Dichos métodos tienen la ventaja de estar basados en el conocimiento de los agricultores —aunque muchas veces se encuentren influenciados por la presión que ejercen las casas comerciales para que adquieran insumos agrícolas costosos— y, por lo tanto, son más accesibles a los agricultores pobres, en comparación con tecnologías más caras, que con frecuencia no han ayudado en el pasado.

El ingeniero Abelardo Calderón —jefe del Laboratorio de Fisiología Vegetal de la Universidad Agraria La Molina— señala, por ejemplo, que se debe capacitar a los agricultores en el uso de abonos orgánicos.

«La planta se enferma cuando hay un desbalance en su nutrición. Pero si hay un balance entre las proteínas que produce y las proteínas que degrada, la producción será uniforme. Esa es una forma, también, de mejorar sus rendimientos».

Otra forma de lograr mejores rendimientos se da a través de la rotación de cultivos, policultivos, cultivos de cobertura (plantas que se siembran para cubrir el suelo) y el uso del control biológico para regular, efectivamente, las poblaciones de insectos y malezas que están siendo elegidas como blanco por la industria de la biotecnología. Una desventaja en el uso de semilla transgénica es que promueve el monocultivo —se siembran extensas áreas de un solo cultivo, para garantizar que se obtenga la rentabilidad esperada—, y bajo esas condiciones será más difícil para los agricultores utilizar métodos alternativos.

Según el informe anual 2009 del ISAAA2, hasta el año 2009, la superficie ocupada por cultivos transgénicos era de 134 millones de hectáreas: 2.7% de un total de 4,900 millones de hectáreas de tierras agrícolas en todo el mundo. En Europa, la superficie de tierras agrícolas dedicadas a los cultivos transgénicos se redujo en un 23% entre 2008 y 2010. Hoy por hoy, más del 60% de la población de este continente está en contra de la siembra de este tipo de cultivos. En la recta final de la campaña electoral, los candidatos a la presidencia se han pronunciado al respecto.

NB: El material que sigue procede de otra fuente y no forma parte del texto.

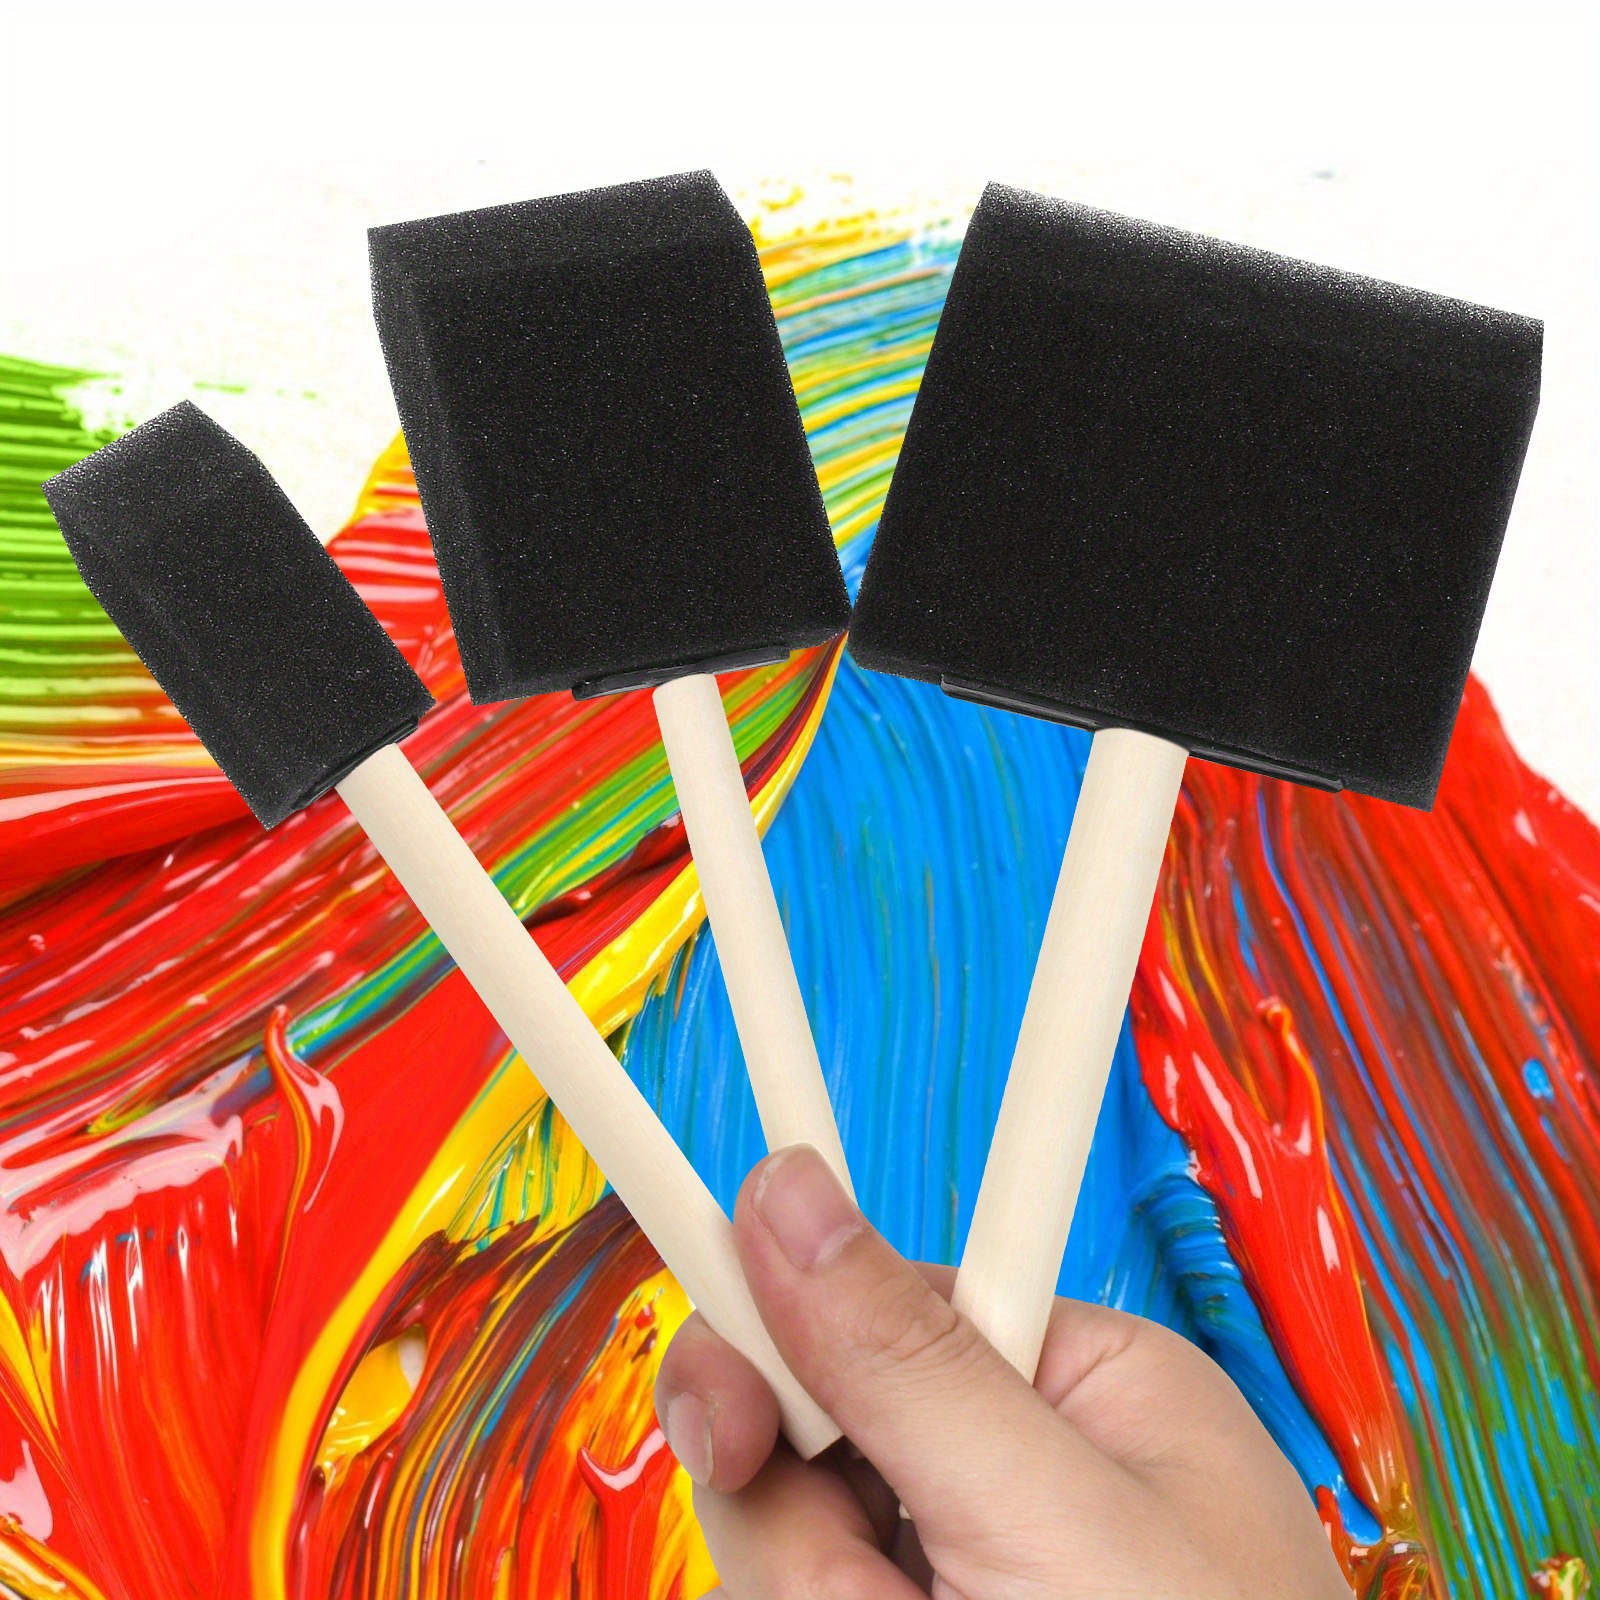 Foam Brush Set Foam Paint Brushes Wood Handle Sponge Brushes - Temu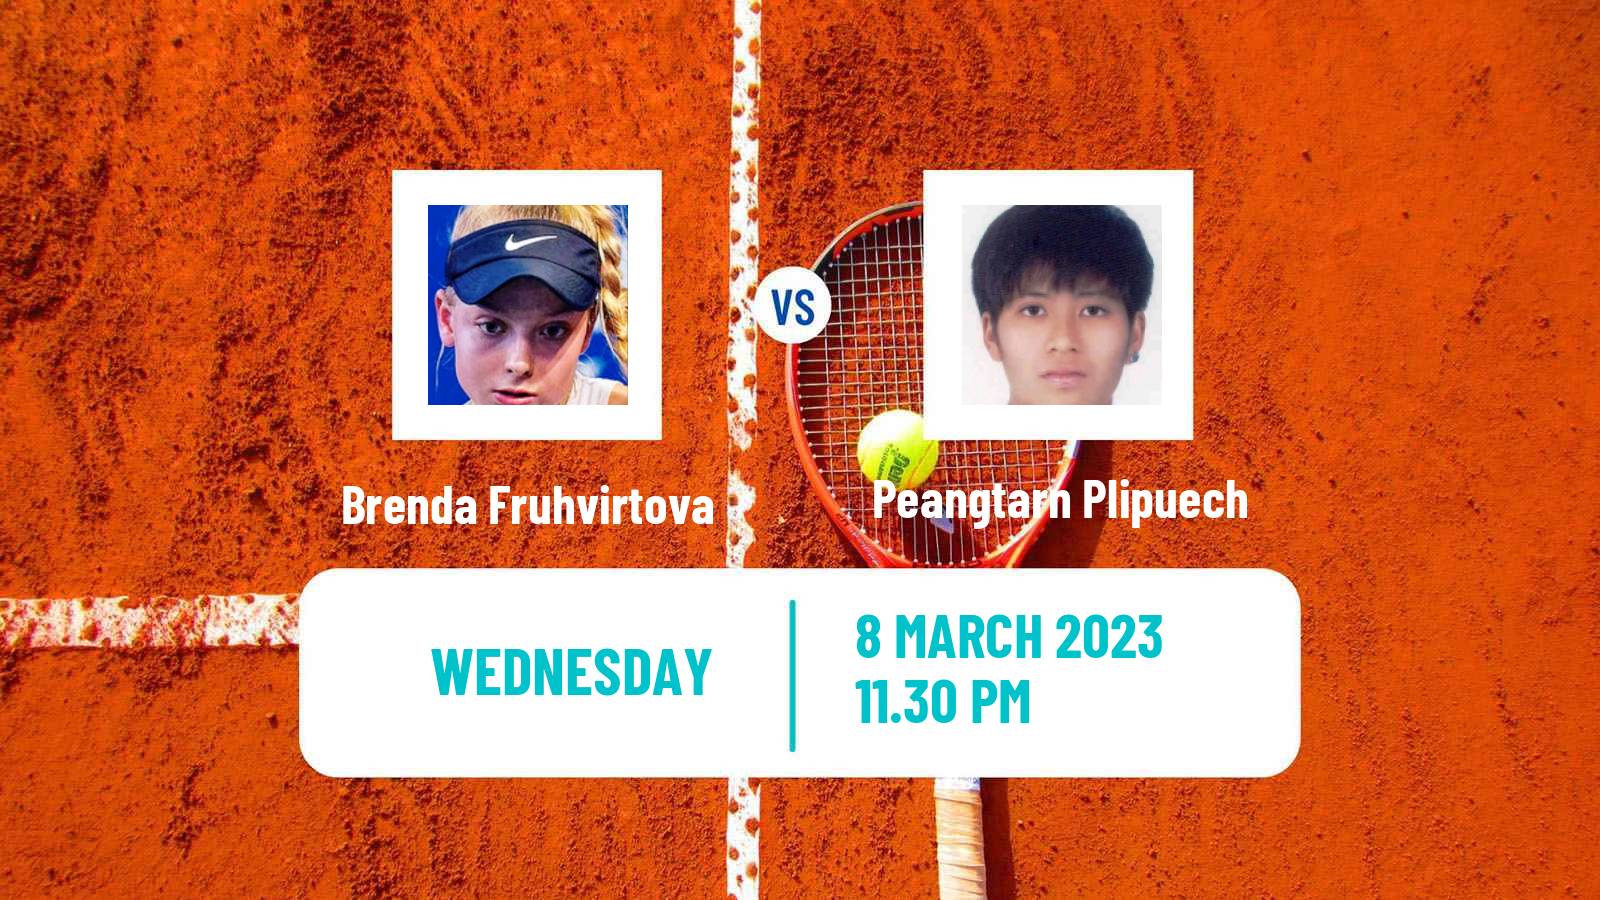 Tennis ITF Tournaments Brenda Fruhvirtova - Peangtarn Plipuech

Durante su presentación en la Convención Nacional del Agro (Conveagro), el candidato Ollanta Humala calificó la autorización del ingreso de estas semillas como una «dependencia peligrosa que beneficia a cinco grandes transnacionales», y manifestó su franca oposición a la norma. Por su parte, la candidata Keiko Fujimori planteó una moratoria de tres años para prohibir los transgénicos en el Perú, como medida para preservar la biodiversidad nacional hasta conocer los verdaderos efectos de este tipo de cultivos.

Así las cosas, que el gobierno de García haya autorizado el ingreso de estas semillas entre gallos y medianoche, y cuando ya está de salida, resulta, por lo menos, sospechoso. El pedido de moratoria hecho por diversos especialistas —ingenieros, abogados, dirigentes agrarios, médicos, gastrónomos, etc.—, y por el mismo sindicato del INIA, se sustenta en lo poco que conocemos de los efectos de la siembra de esta semilla y en el hecho de que, como se ha señalado líneas arriba, no es la solución al problema de baja productividad para los agricultores, ni mucho menos garantiza la seguridad alimentaria en el país.

Notas

1 Failure to yield: Evaluating the performance of genetically engineered crops. Doug Gurian- Sherman. EE.UU., 2009.

2 Servicio Internacional para la Adquisición de Aplicaciones AgroBiotecnológicas (ISAAA, por sus siglas en inglés). EE.UU.

3 ¿Quién se beneficia con los cultivos transgénicos? Una industria fundada en mitos. Amigos de la Tierra Internacional. Holanda, 2011.